■ PROVIDED DATA
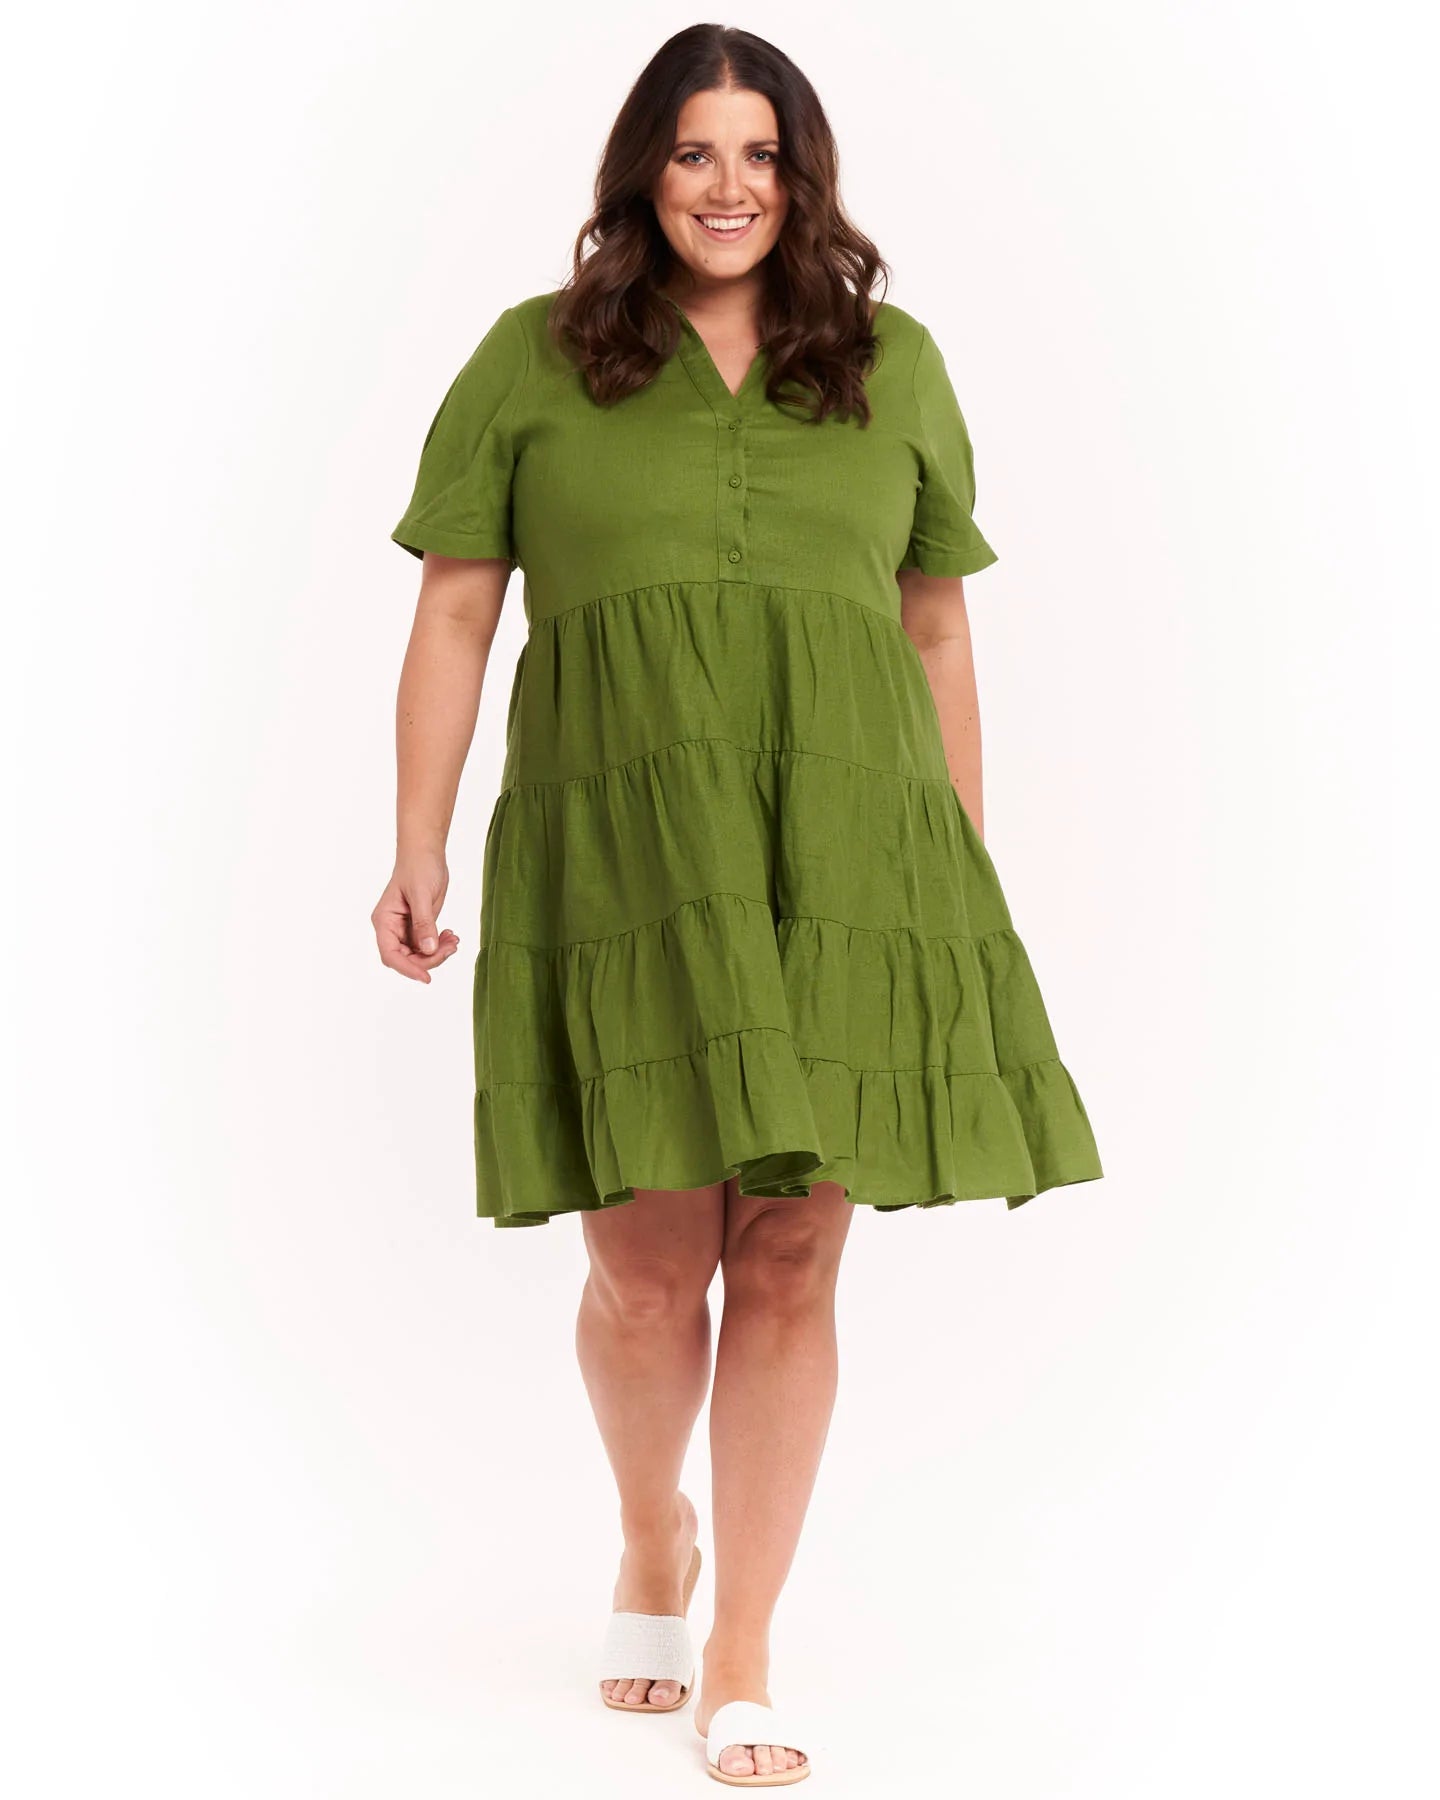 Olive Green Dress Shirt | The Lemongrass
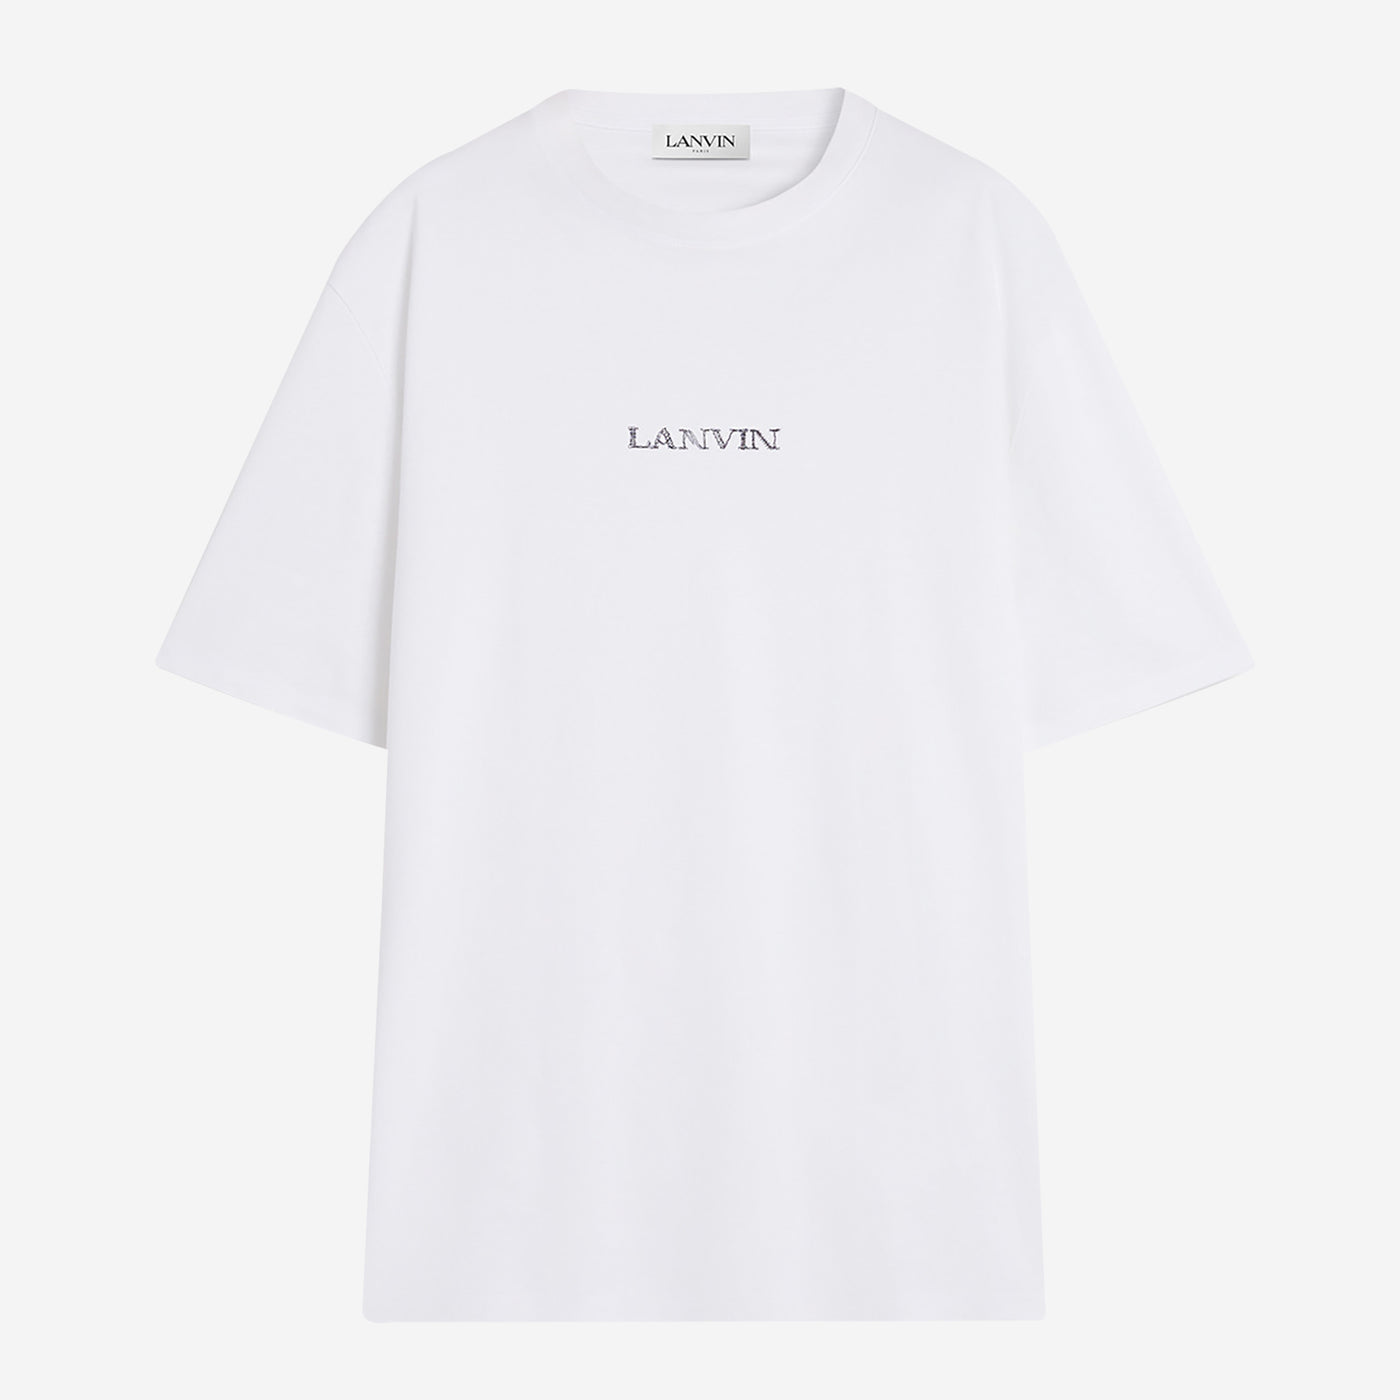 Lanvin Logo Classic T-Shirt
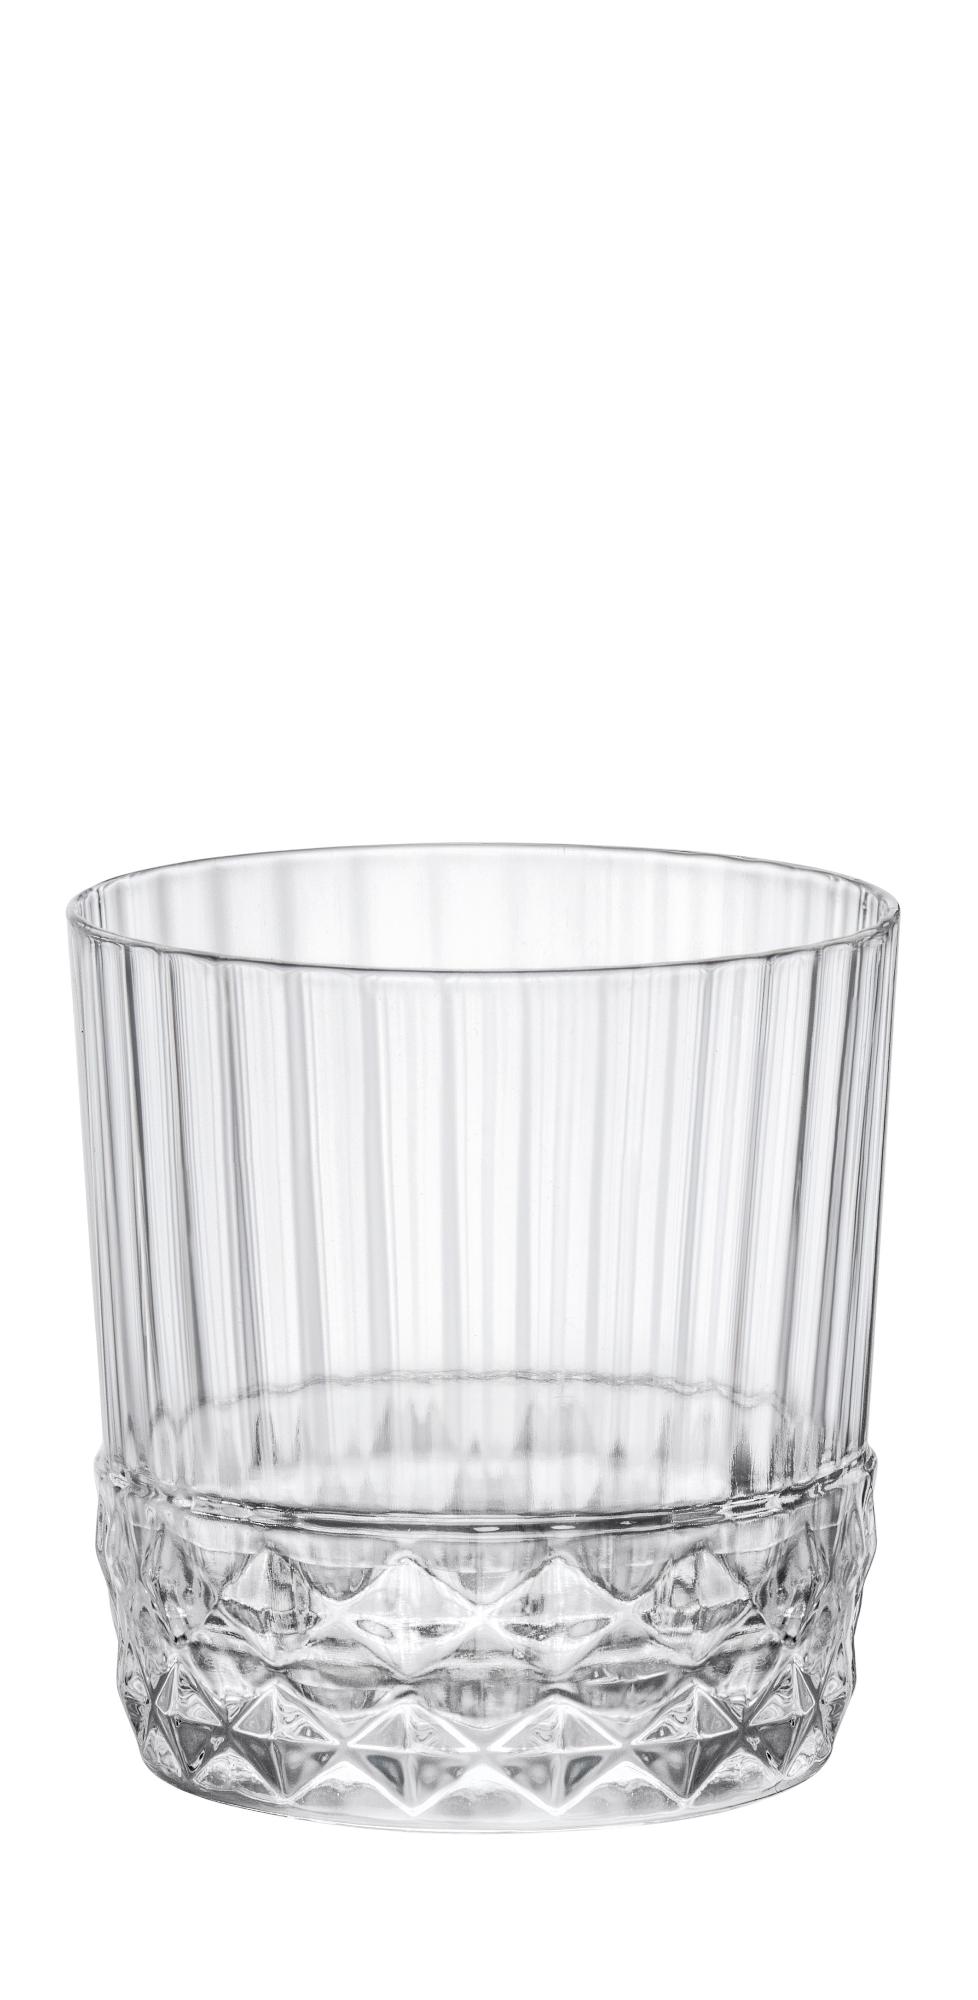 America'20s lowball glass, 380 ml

■ WHAT TO WORK ON
If pictures appear, drop them, and retype exactly the lines from the "Lanvin Logo Classic T-Shirt" line through the last line of the data above.

■ SOLUTION TO THIS TASK
 Lanvin Logo Classic T-Shirt
 America'20s lowball glass, 380 ml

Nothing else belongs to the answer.